**DATA BLOCK:**

-- -- --

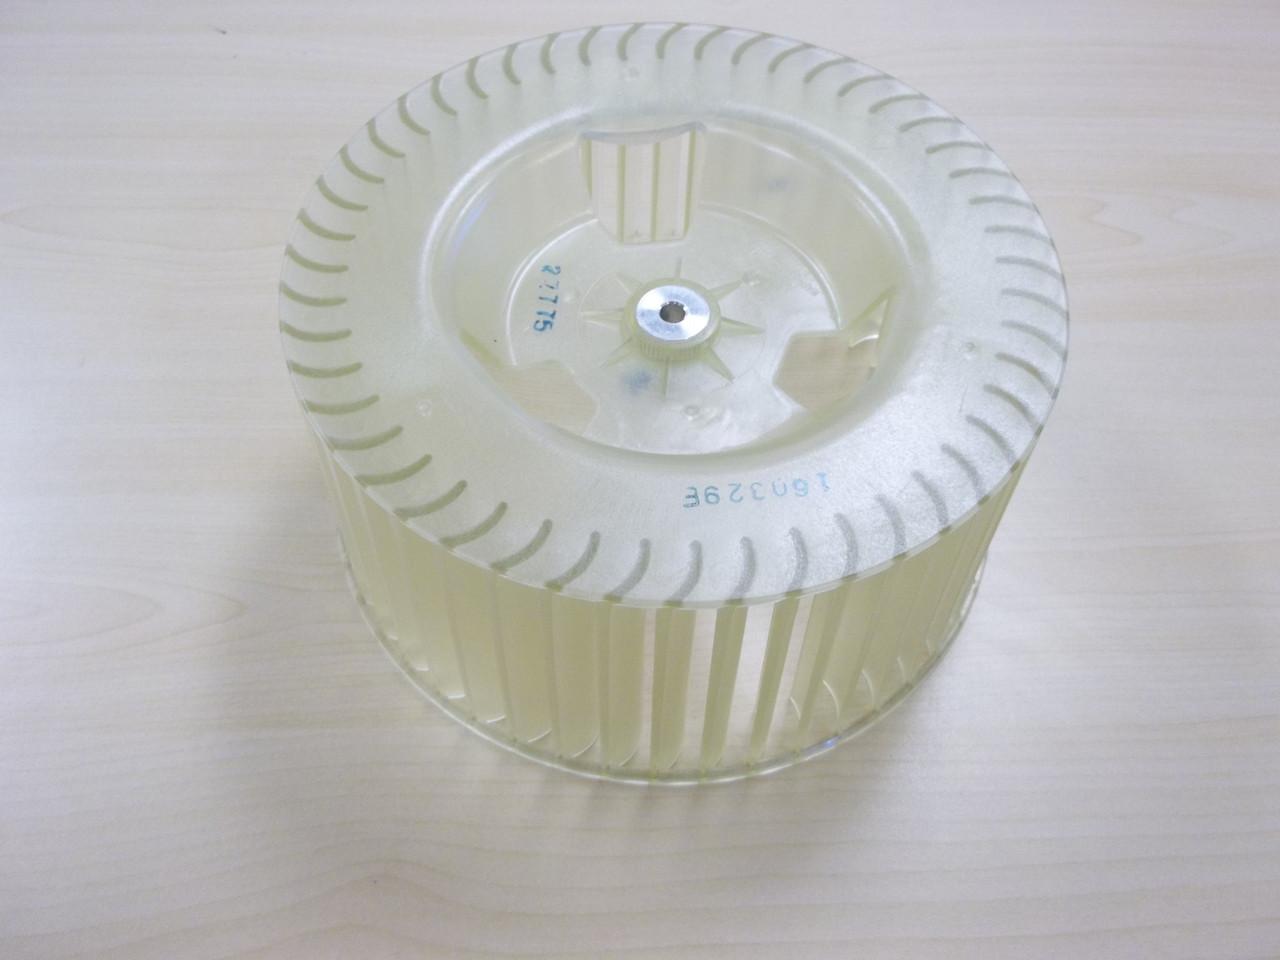 blower wheel exhaust fan lower fan yellow colored for arc 12sd arc 14s arc 14sh arc 141bg arc 143mx
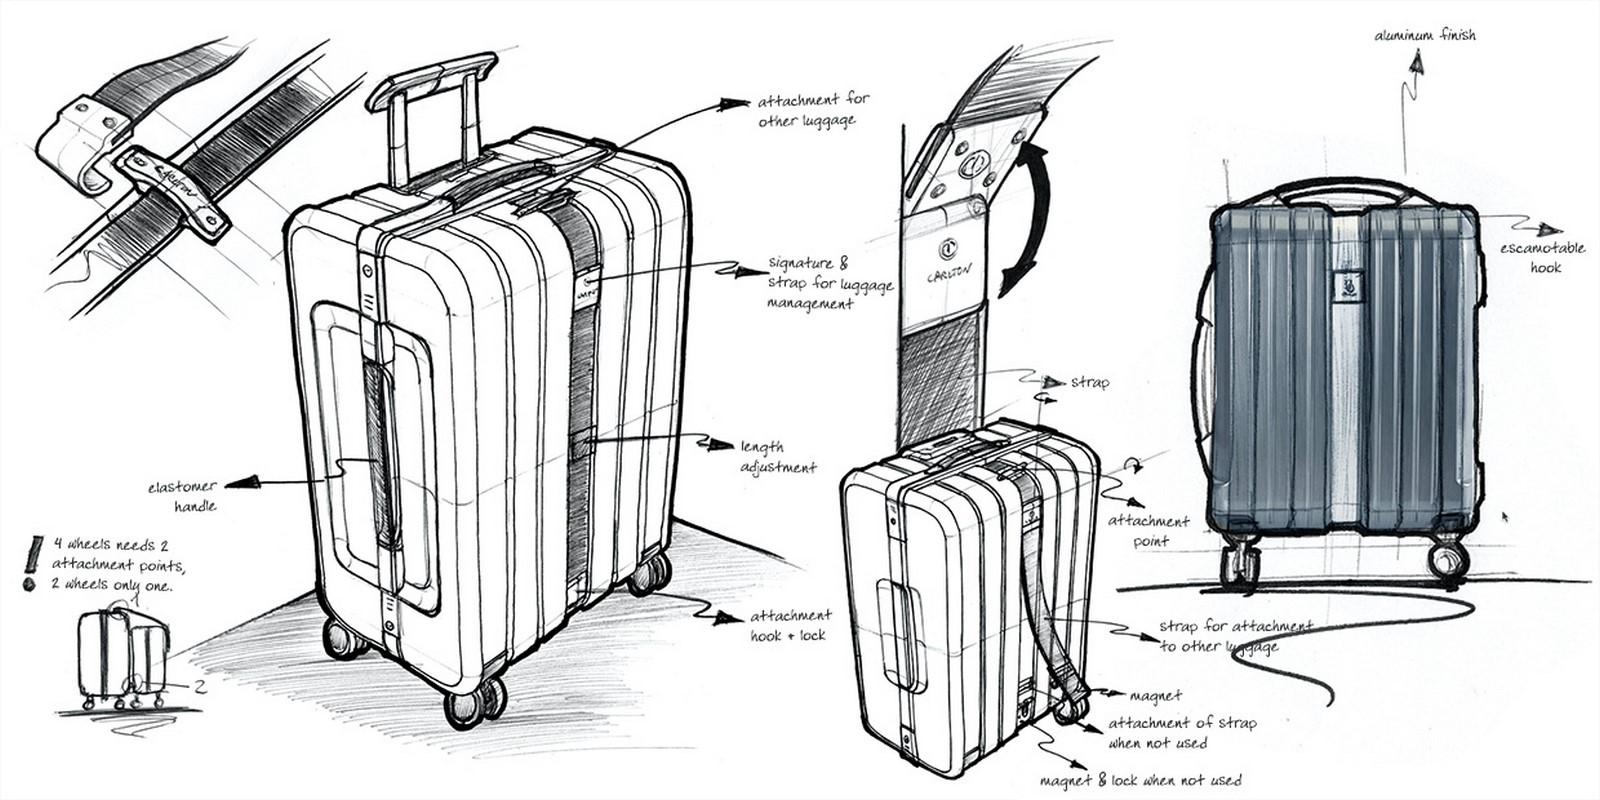 Sequoia-studio- 10 Iconic Products - Sheet30
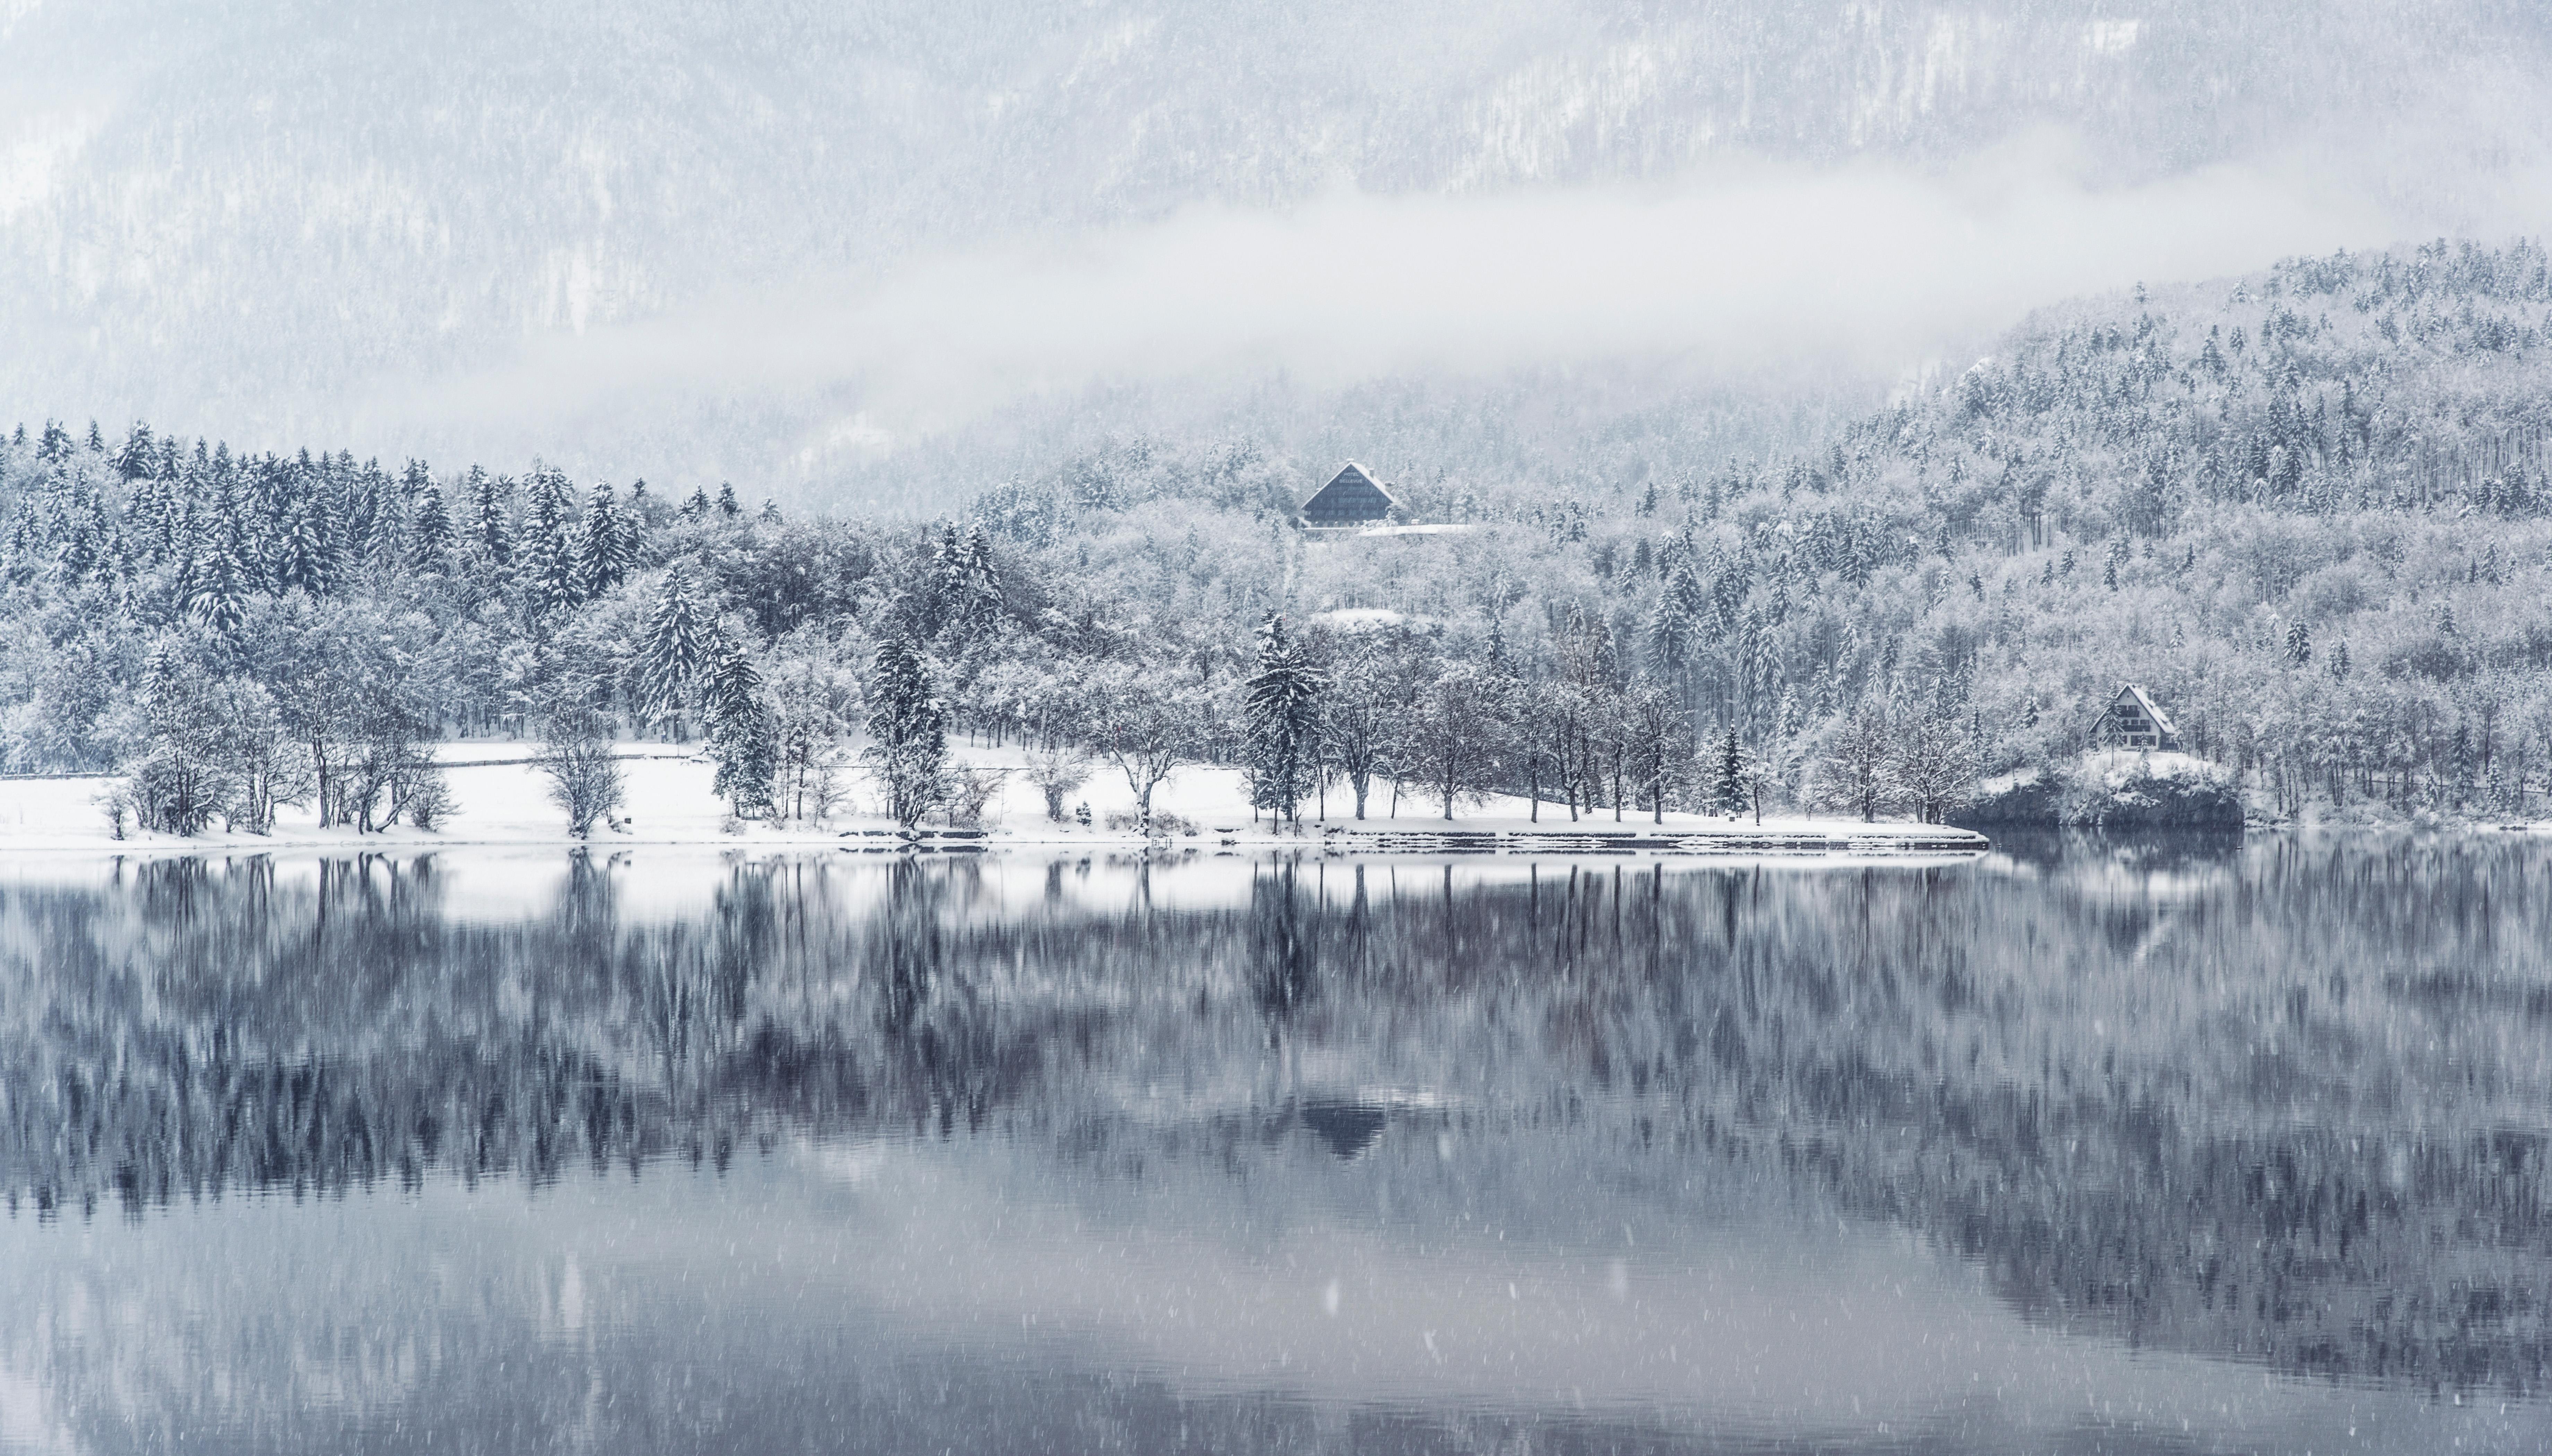 Winter Landscape Stock Photos, Images, & Pictures ...

-- -- --

**TASK OBJECTIVE:**
Repeat the material exactly. Any picture in it should be dropped.

**FINISHED TASK:**
 blower wheel exhaust fan lower fan yellow colored for arc 12sd arc 14s arc 14sh arc 141bg arc 143mx
 Sequoia-studio- 10 Iconic Products - Sheet30
 Winter Landscape Stock Photos, Images, & Pictures ...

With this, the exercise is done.